Semiconductor manufacturers rely on latch-up tests to characterize ICs for susceptibility to electrical failure. Engineers can use various methods to perform latch-up tests, but the only standard that specifies procedures for them—JESD 78 (Ref. 1)—has several limitations. To overcome these limitations, the ESD Association (Rome, NY; www.esda.org) is working on a new test method for CMOS devices called transient latch-up (TLU) testing.

The weaknesses of JESD 78 are varied: The I-test stresses a device's I/O pad structures, but leaves the core circuits untested. The V_DD overvoltage test can probe an IC's core, but the voltage you must apply to the device under test (DUT) often destroys the circuit. Some devices tested to the trigger level prescribed in JESD 78 will fail because of electrical overstress (EOS) damage before reaching that level, rendering the test useless.

The TLU tests in the proposed ESD Association standard (SP5.4-2203; Ref. 2) avoid the problems created by JESD 78 because they inject the trigger current into the IC's substrate through a forward-biased diode junction rather than through a reversed-biased junction. To inject current into the DUT, you must pull the power supply (V_DD) pin to a negative voltage. Just –1 V or –2 V for 20 µs will inject sufficient current to cause latch-up in susceptible devices while minimizing damage to the DUT. (To learn more about latch-up, see "What is latch-up ?")

Figure 1. An amplifier boosts a pulse generator's output to sufficient levels while you monitor the DUT's voltage and current before and after applying a TLU pulse. Courtesy of ESD Association.

To generate a TLU test pulse, you can use a pulse generator or arbitrary waveform generator. But these instruments lack the output power necessary to create sufficient current in the DUT. A DC+AC signal amplifier drives the DUT during the test.

The amplifier converts the generator's output (typically less than 10 V and less than 100 mA from a 50-Ù source) up to ±30 V and ±3 A from a less than 1-Ù source impedance. The amplifier sums the outputs of the pulse generator and power supply, which produces the test pulse for the DUT. The test setup in Figure 1 lets you generate the TLU test signal, apply it to a device, and monitor the results.

To apply the test signal to a DUT, you need a test fixture. For simple devices, you can build a small, manual test fixture consisting of a device socket, connectors and toggle switches. For more complex devices such as microprocessors and FPGAs, you'll need to use a fixture from an ATE system because you must first apply test vectors to the DUT to get it into a known state before you apply the test pulse.

A complete procedure for performing TLU tests and a flow chart of the steps involved are included in the SP5.4-2003 standard. The steps are outlined below:

1. Connect the device so you can power it and measure the DC or quiescent supply current.
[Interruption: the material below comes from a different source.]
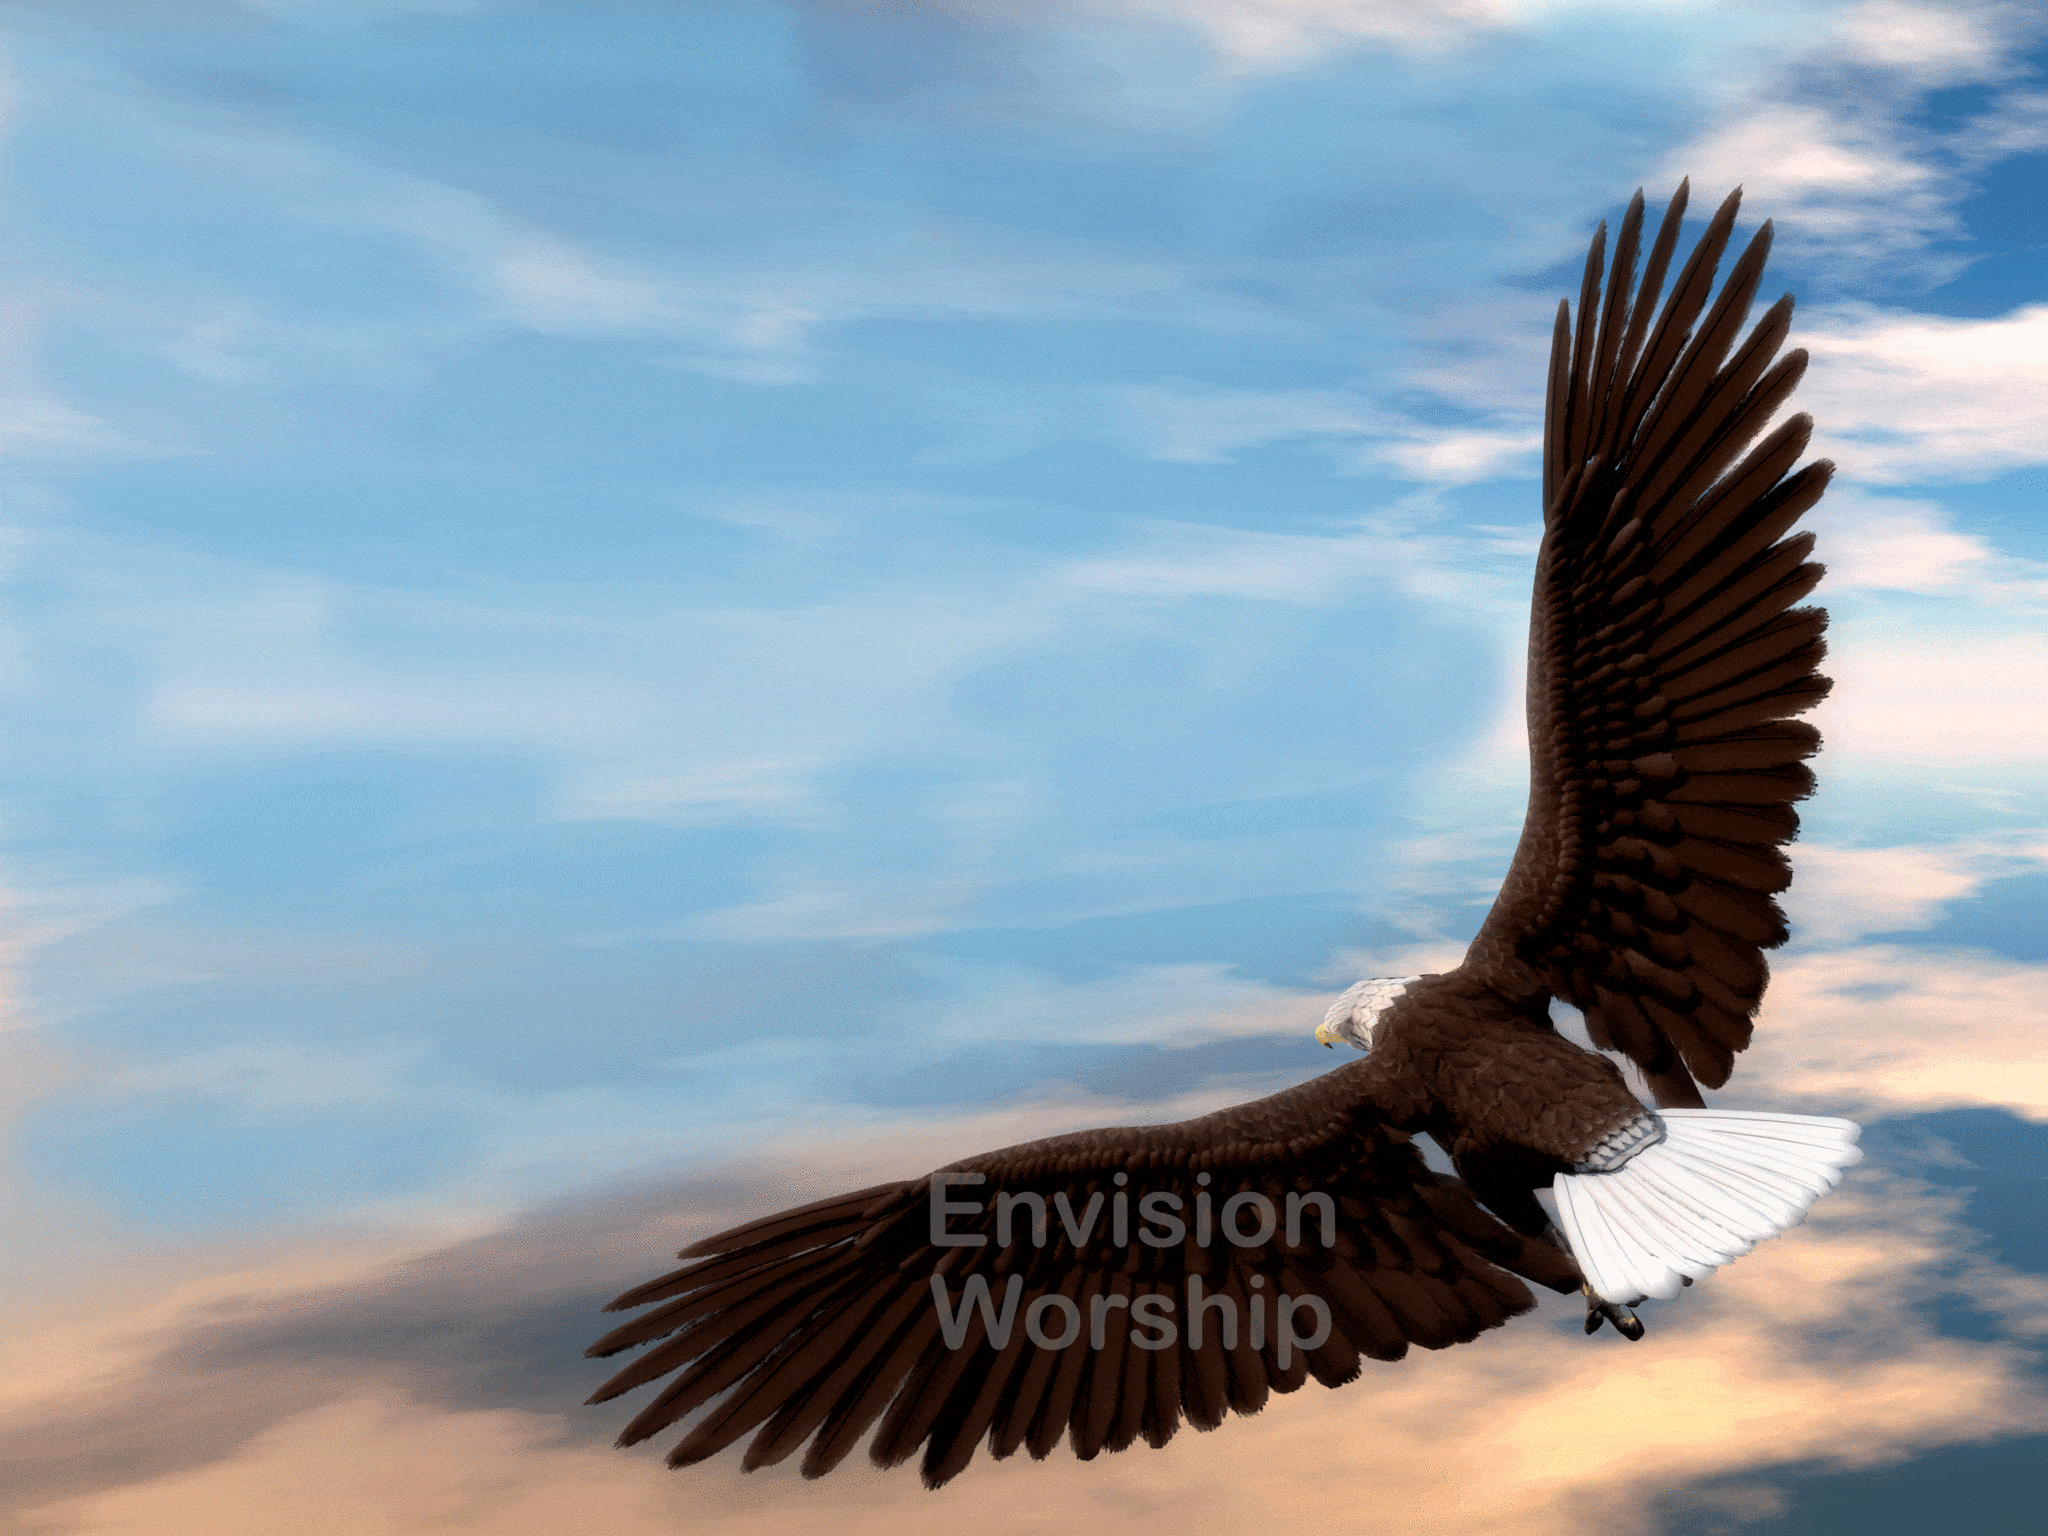 Rejuvenates like eagles - Misión Paz

To properly bias the DUT's input pins, you may need to use a breadboard, a switch box, or an ATE system.
2. Substitute the transient pulse source—consisting of a pulse generator, signal amplifier, and DC-offset power supply—for one of the power supplies of the device.
3. Power the device to a testable state and measure the supply current.
4. Apply the transient pulse to the supply pins.
5. Observe the voltage and current at the supply pin on an oscilloscope. If the supply current abruptly rises after the disturbance and stays at this elevated level, the DUT may have latched-up.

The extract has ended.